[Dataset excerpt — start]
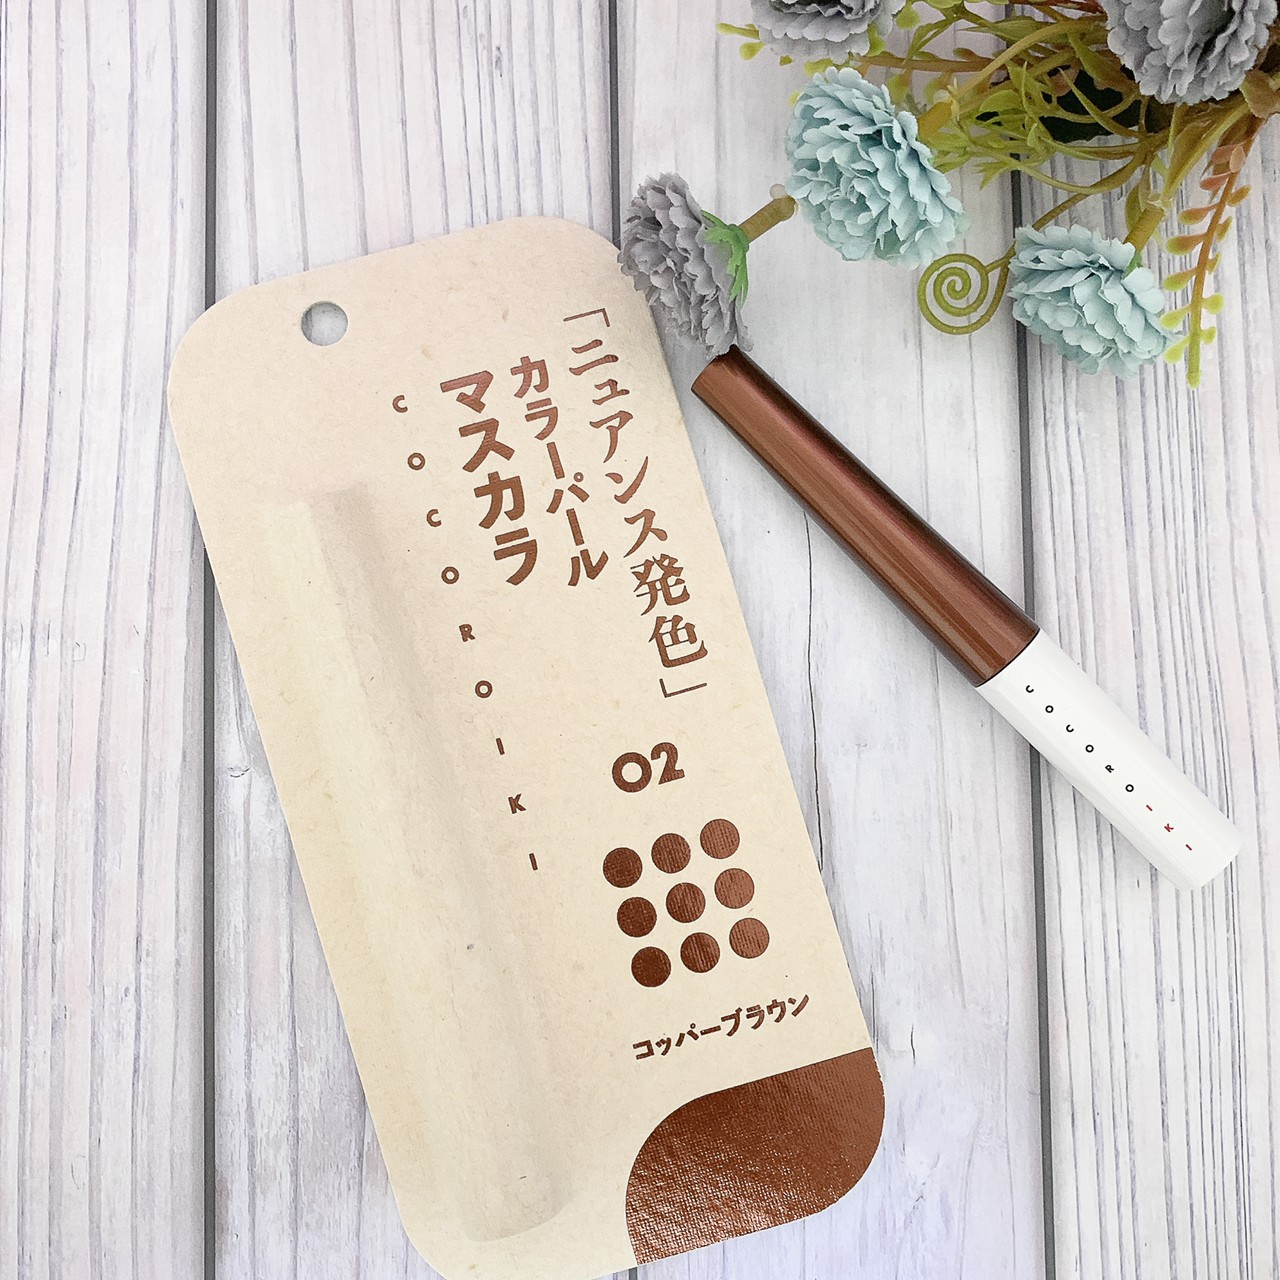 COCOROIKI(ココロイキ) アイデザインマスカラの良い点・メリットに関するkana_cafe_timeさんの口コミ画像2
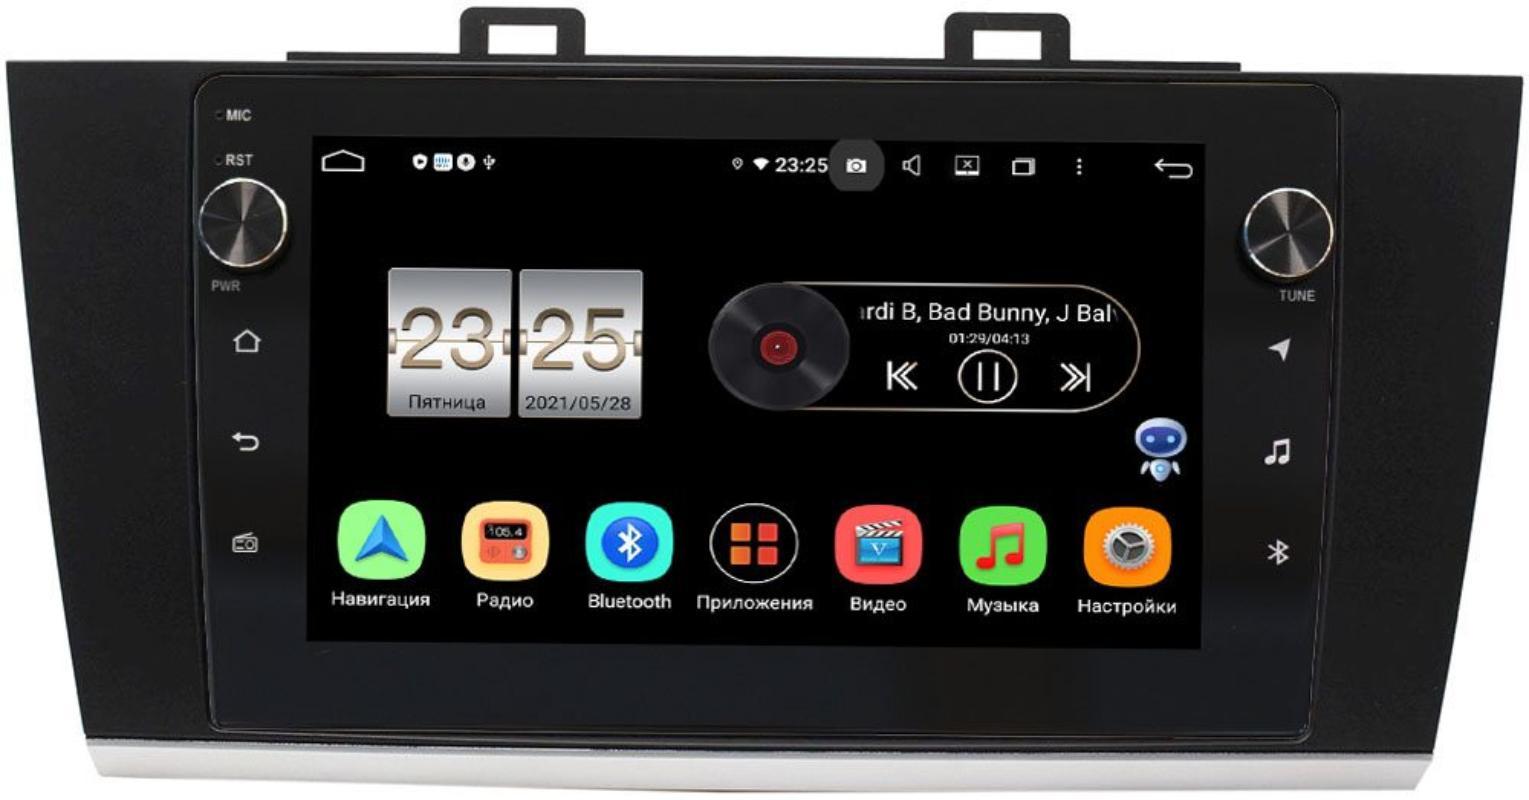 Штатная магнитола LeTrun BPX409-9192 для Subaru Legacy VI, Outback V 2014-2019 на Android 10 (4/32, DSP, IPS, с голосовым ассистентом, с крутилками) (+ Камера заднего вида в подарок!)
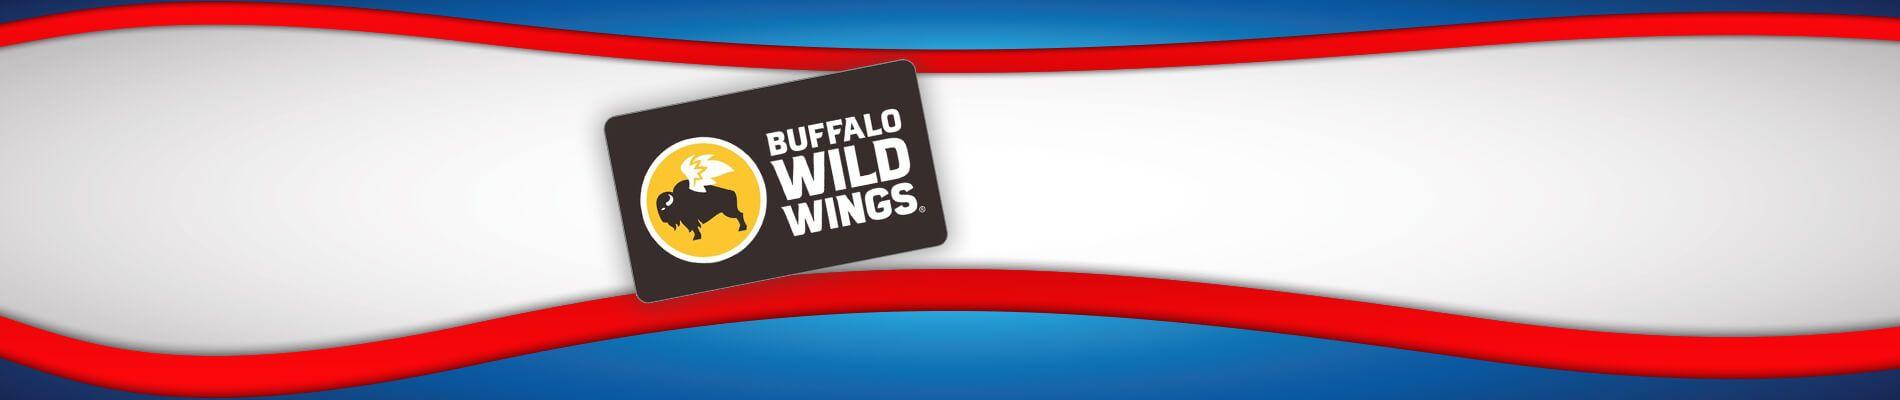 Buffalo Wild Wings eGift Card Sale
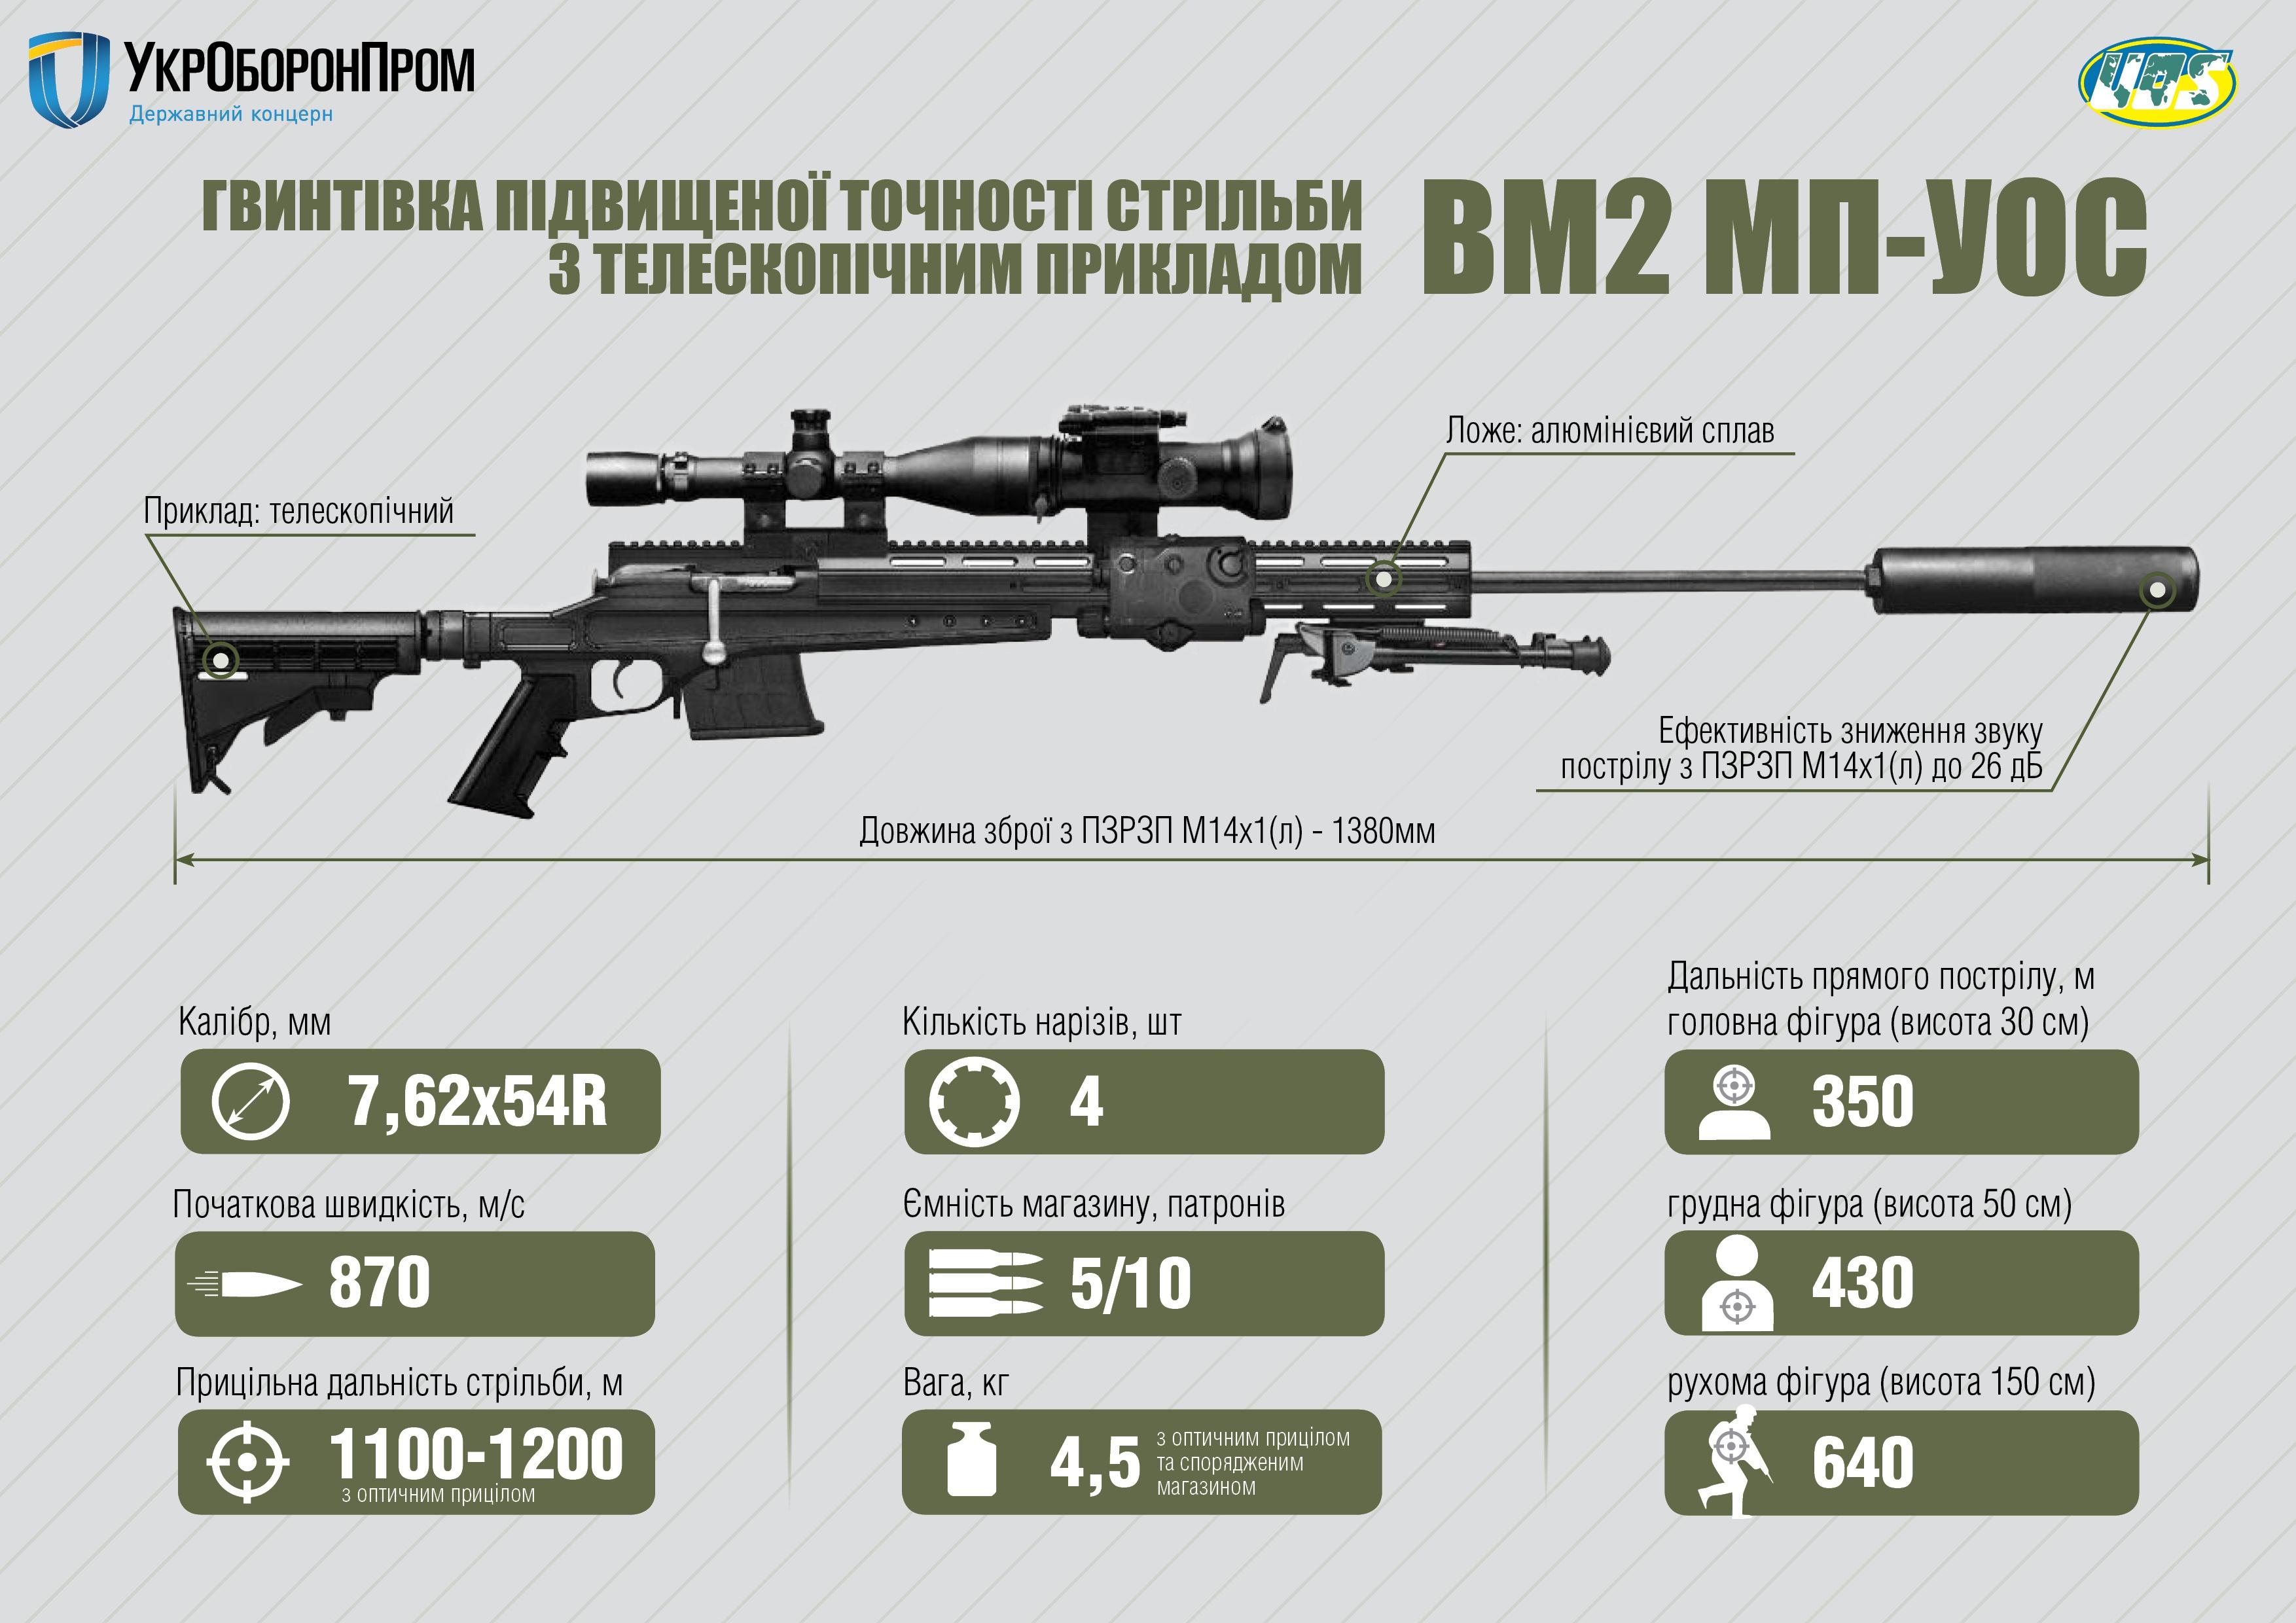 """""""Укроборонпром"""" модернізував легендарну гвинтівку Мосіна - фото 1"""
[Dataset excerpt — finish]
» **To do**
Copy verbatim the span that begins at the line containing "Штатная магнитола LeTrun" and ends at the last line of the material, inclusive of both; exclude pictures.

» **Solution**
 Штатная магнитола LeTrun BPX409-9192 для Subaru Legacy VI, Outback V 2014-2019 на Android 10 (4/32, DSP, IPS, с голосовым ассистентом, с крутилками) (+ Камера заднего вида в подарок!)
 Buffalo Wild Wings eGift Card Sale
 """""""Укроборонпром"""" модернізував легендарну гвинтівку Мосіна - фото 1"""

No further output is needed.